Although there is proof that customers are aware that companies will transfer the cost of the CSR initiatives on to the price of the product—and some customers would even resent it—the positives of the warm glow outweigh the negatives of paying extra.

One of the things that research has found customers dislike is the idea that they get to pay for the CSR activities of organisations while those organisations get to take all the credit. If the business will be able to bring its customers into the CSR initiative, all the better. If the CSR activity involves a donation or something of that sort, the business can invite some of its customers to be present at the donation. By so doing, customers will love to be part of whatever the business is doing.

By extension therefore, another benefit of the warm glow is that it has been found to enhance customer loyalty. Customers are willing to pledge their future to a business or brand that is out there doing good.

There is a study that was published early this year, in a January 2021 edition of the Journal of Business Research that asserted that even when there is a service failure, organisations that engage in CSR are given a free pass by aggrieved customers, albeit under certain conditions. Titled “Customers need to relate: The conditional warm glow effect of CSR on negative customer experiences”, the study found that the two conditions that mediate the relationship between the customers’ responses to failed service encounters are the customer’s need for relatedness and whether the experiences involve human interaction versus a Self-Service Technology (SST).

There was another study published in the June 2021 edition of the Journal of Business Ethics titled “Beyond Warm Glow: The Risk-Mitigating Effect of Corporate Social Responsibility (CSR)”. This particular study argued that warm glow mitigates customers’ perceptions of purchase risk. In other words, customers will still do business with a business that engages in CSR even when the conditions are not too favourable.

According to the report,

“under conditions of greater purchase risk (i.e., recessions, a service context, and longer-term consumer commitments), CSR positively impacts both sales and customer purchase intentions to a greater extent than in conditions of lower purchase risk.”

There is however one study that gave a word of caution. That study was published in the September 2020 edition of International Review on Public and Nonprofit Marketing. The title of the study was “Cause-Related Marketing: Scepticism and Warm Glow as Impacts of Donation Size On Purchase Intention”.

According to results of the study, the size of the donation, or the amount used in the CSR activity can backfire. Though the amount does not directly contribute to the purchase intention of customers, the bigger the amount spent by the organisation, the greater the chances that the warm glow might be replaced by scepticism.
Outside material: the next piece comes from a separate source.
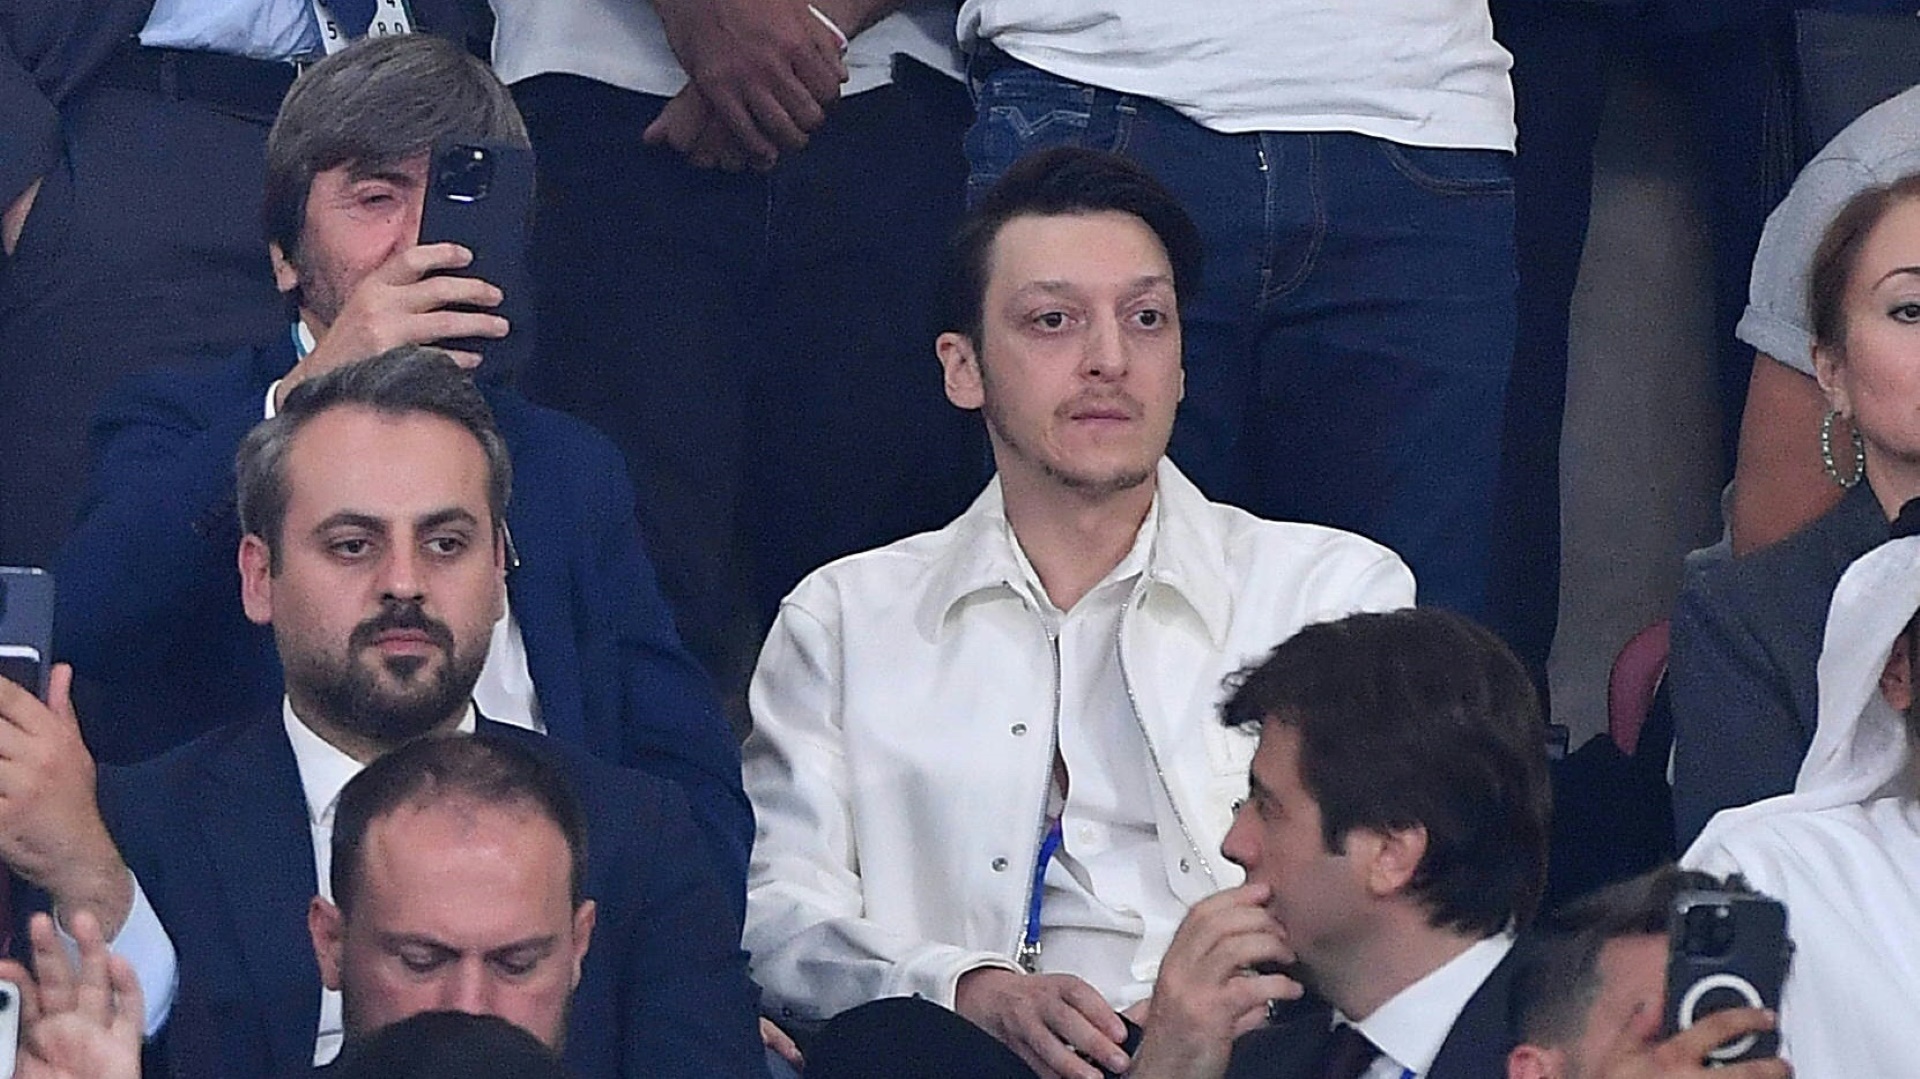 Mesut Özil fiel beim DFB in Ungnade

From the above, it is clear that businesses, in the very least, should give serious consideration to CSR. It is no more a nice thing to do. Clearly, it is now much more. It is now a customer retention strategy. Businesses out there that are having second thoughts about committing time and resources to some CSR venture should reconsider. There is enough evidence that the cost of that initiative would eventually be paid off, if not by the goodwill of those who receive the good; it would be paid off in increased customer loyalty.